=== Begin Enclosure ===

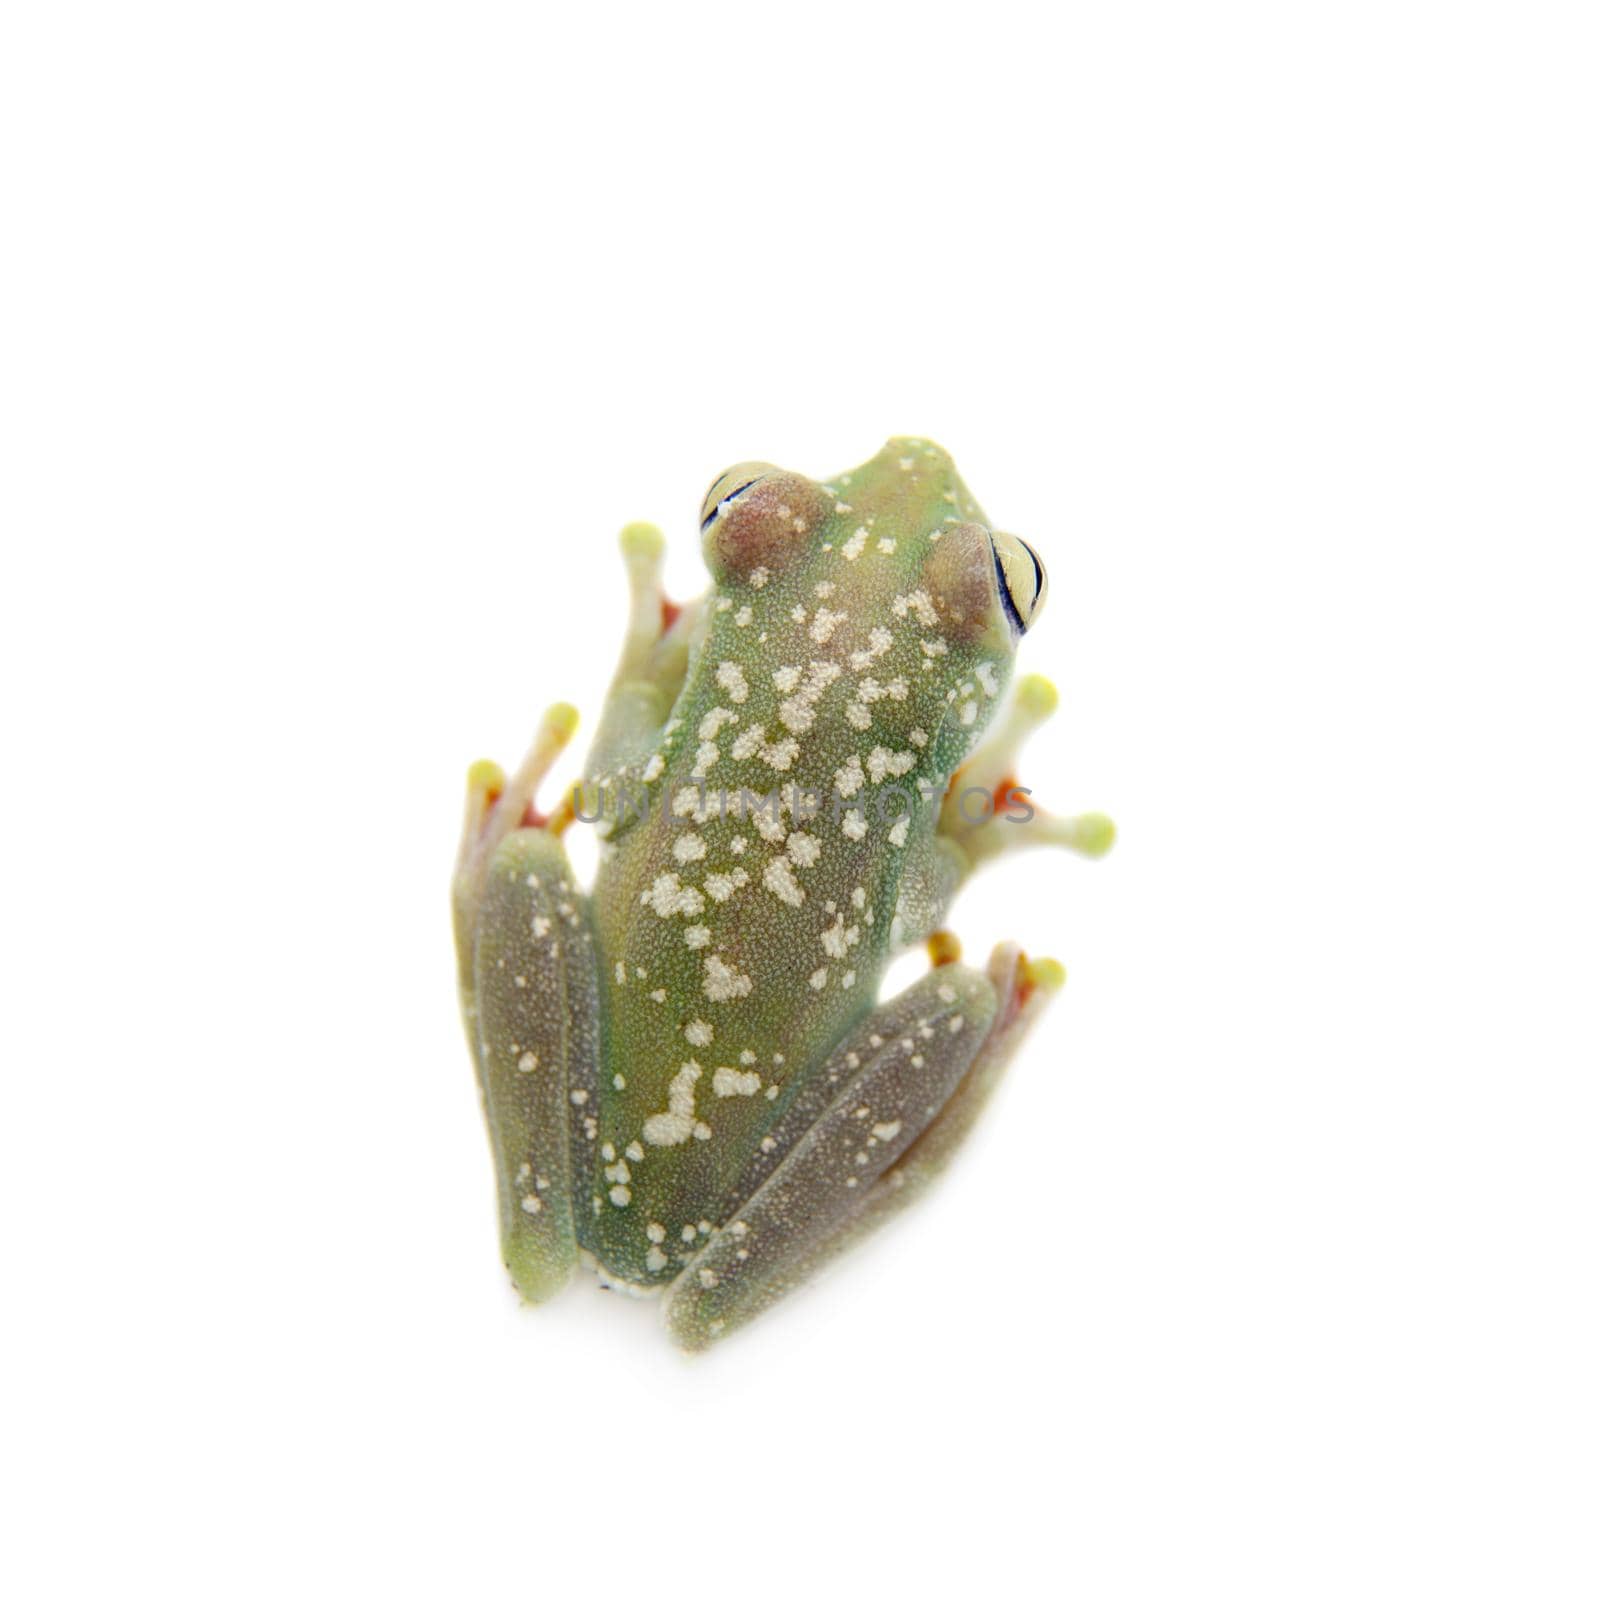 The Canal Zone tree frog, Hypsiboas rufitelus, isolated on white
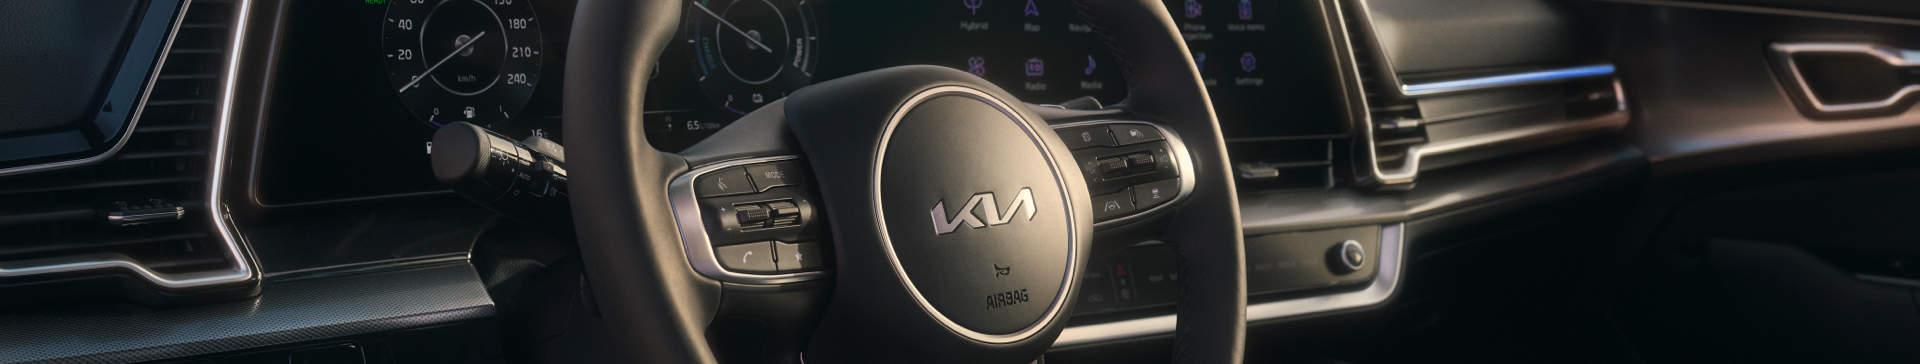 Kia Drive Wise key image with logo
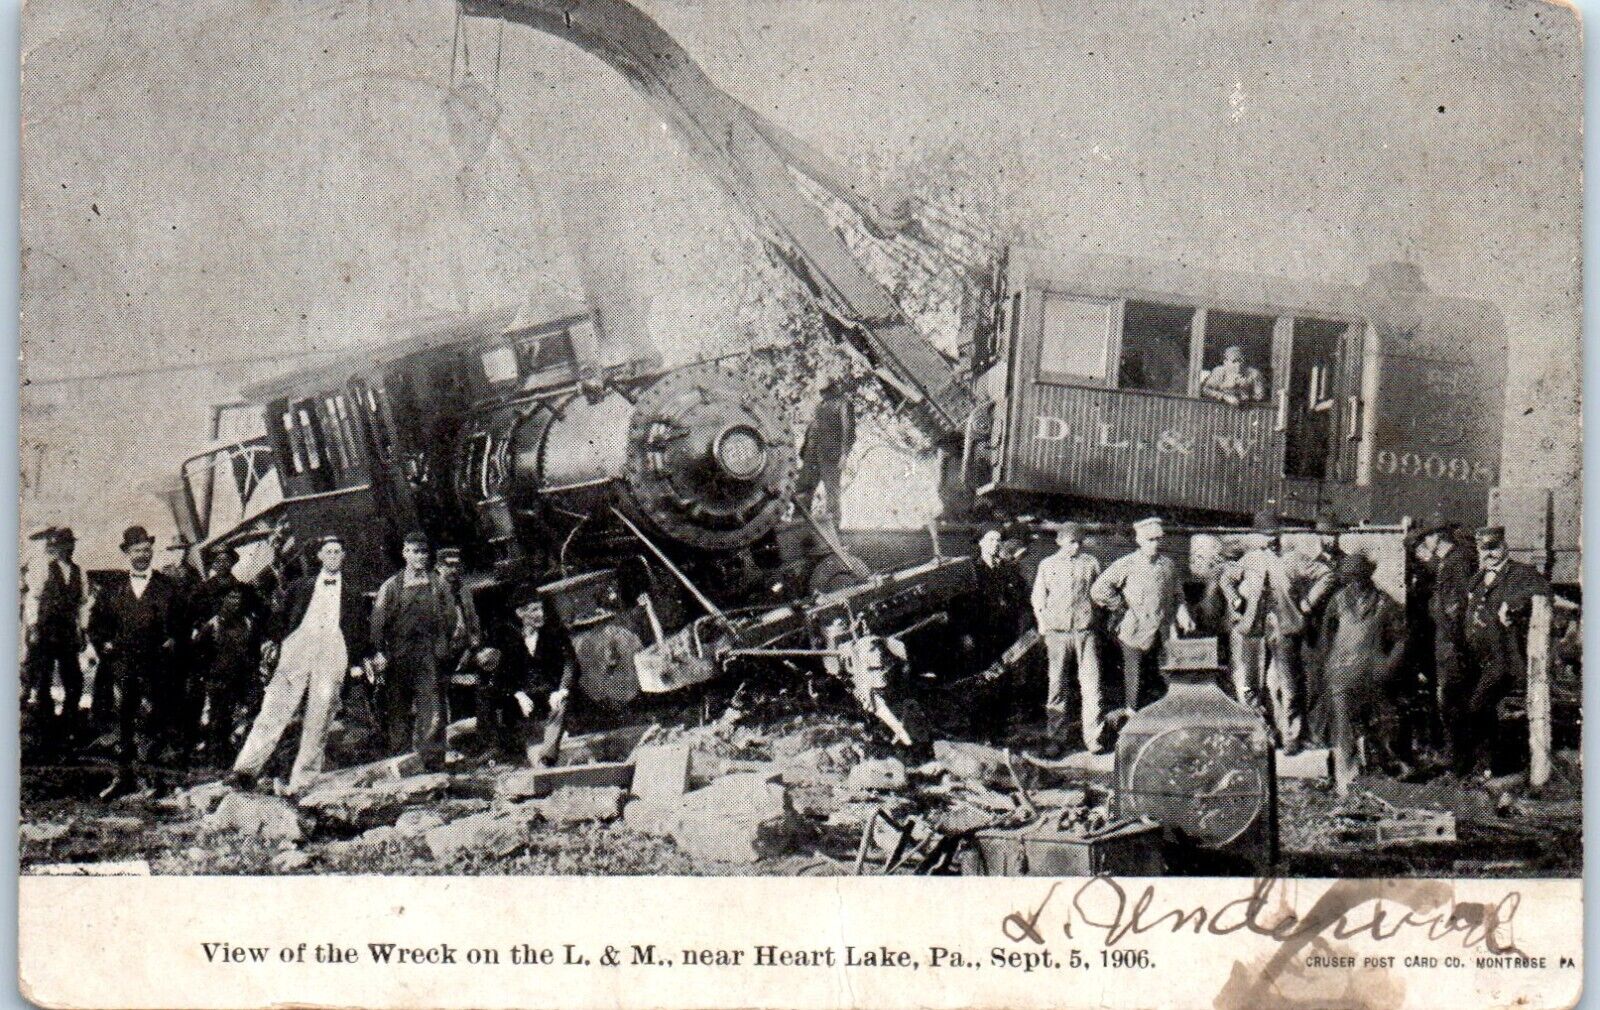 1906 Train Wreck on the L. & M. near Heart Lake Pennsylvania 9-5-1906 Postcard

=== End Enclosure ===

What the task asks –
Could you retype every line above exactly as it appears, skipping the pictures?

Result of this exercise –
 The Canal Zone tree frog, Hypsiboas rufitelus, isolated on white
 Kia Drive Wise key image with logo
 1906 Train Wreck on the L. & M. near Heart Lake Pennsylvania 9-5-1906 Postcard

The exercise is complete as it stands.